[[ Data section, beginning ]]
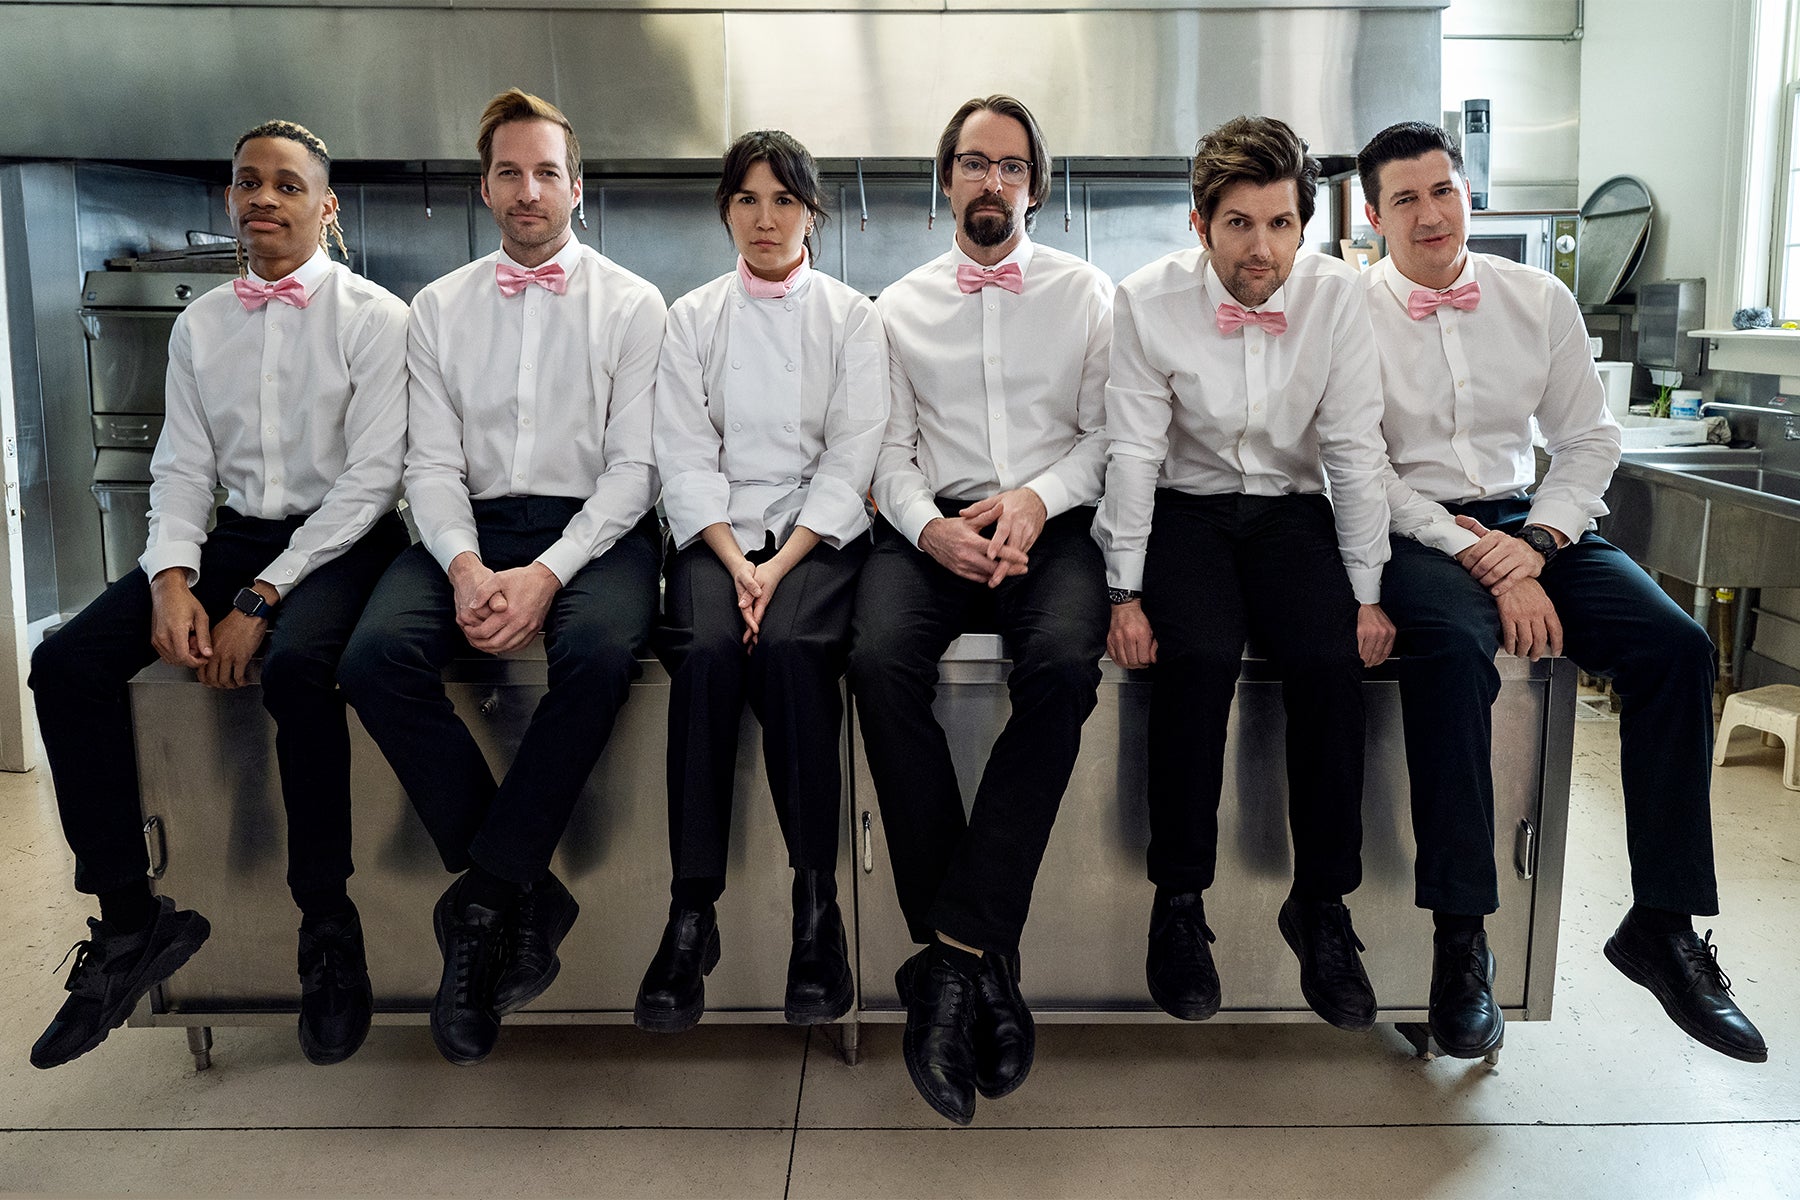 Six caterers in white shirts, pink bow ties, and black pants sit across a counter.
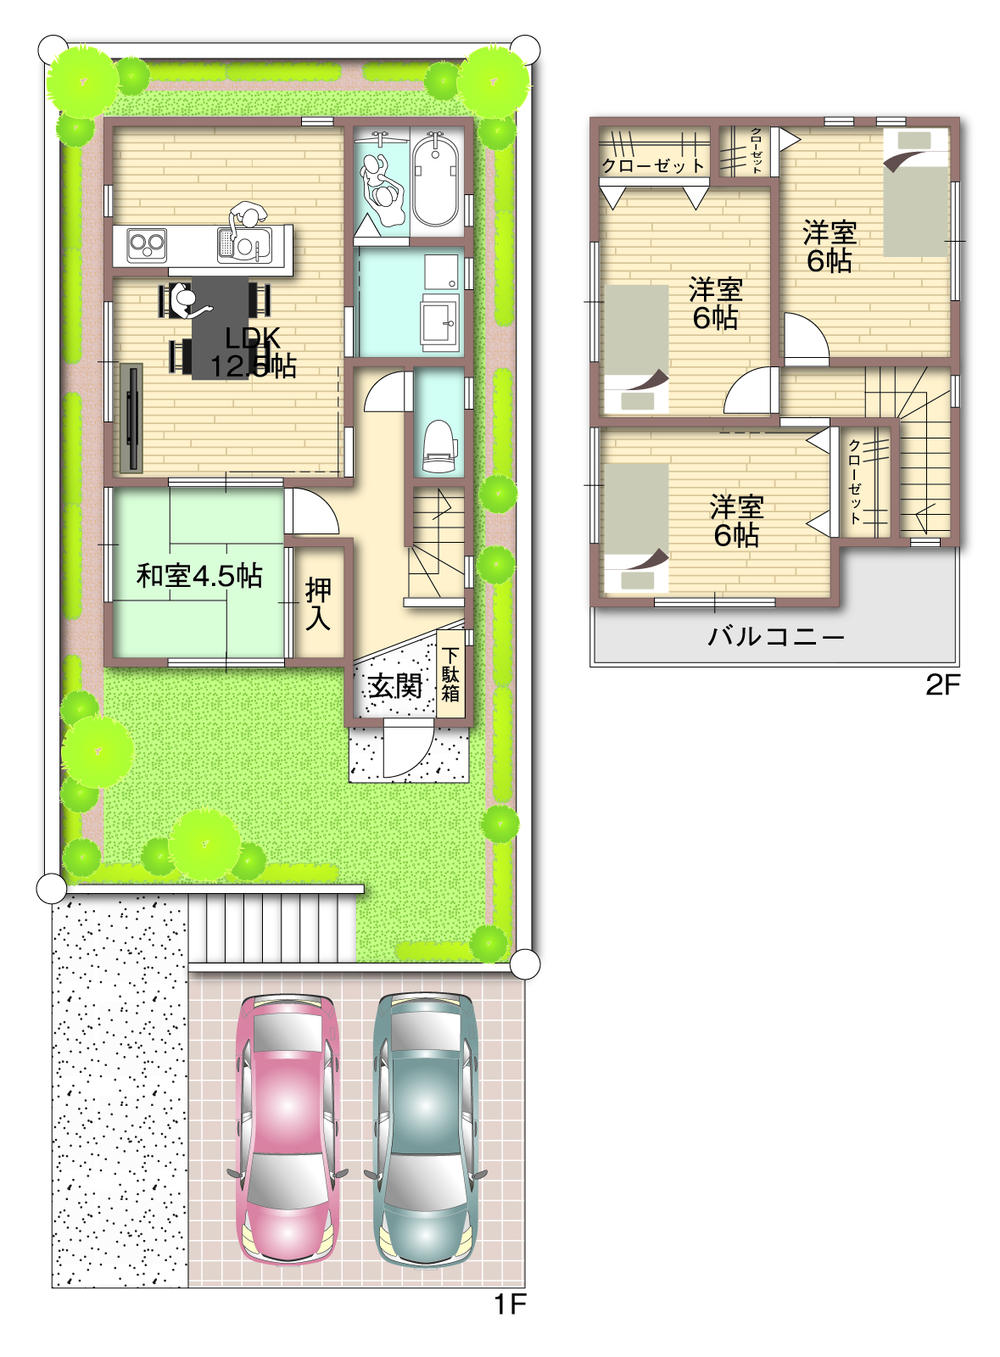 Compartment view + building plan example. Building plan example, Land price 19.6 million yen, Land area 130.58 sq m , Building price 16,970,000 yen, Building area 89.1 sq m garage three Allowed 4LDK plan
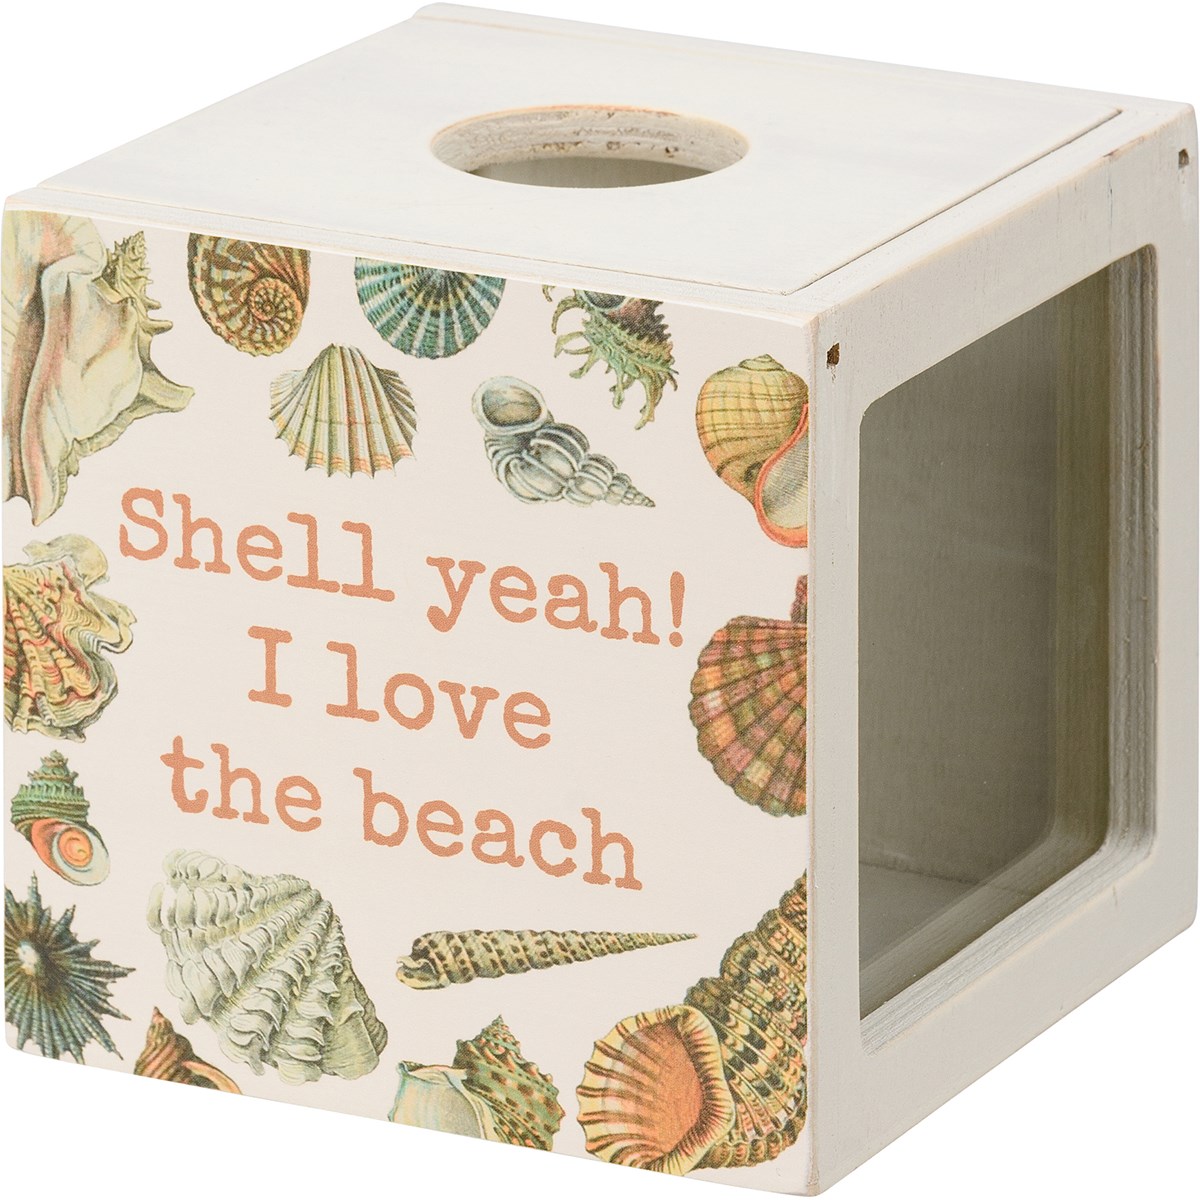 Shell Holder - Shell Yeah! I Love The Beach - 4.25" x 4.25" x 4.25" - Wood, Paper, Glass
[[ Data section, end ]]
## Task details
Leaving every image behind, repeat the data in full and exactly.

## Solution to this problem
 Six caterers in white shirts, pink bow ties, and black pants sit across a counter.
 Compartment view + building plan example. Building plan example, Land price 19.6 million yen, Land area 130.58 sq m , Building price 16,970,000 yen, Building area 89.1 sq m garage three Allowed 4LDK plan
 Shell Holder - Shell Yeah! I Love The Beach - 4.25" x 4.25" x 4.25" - Wood, Paper, Glass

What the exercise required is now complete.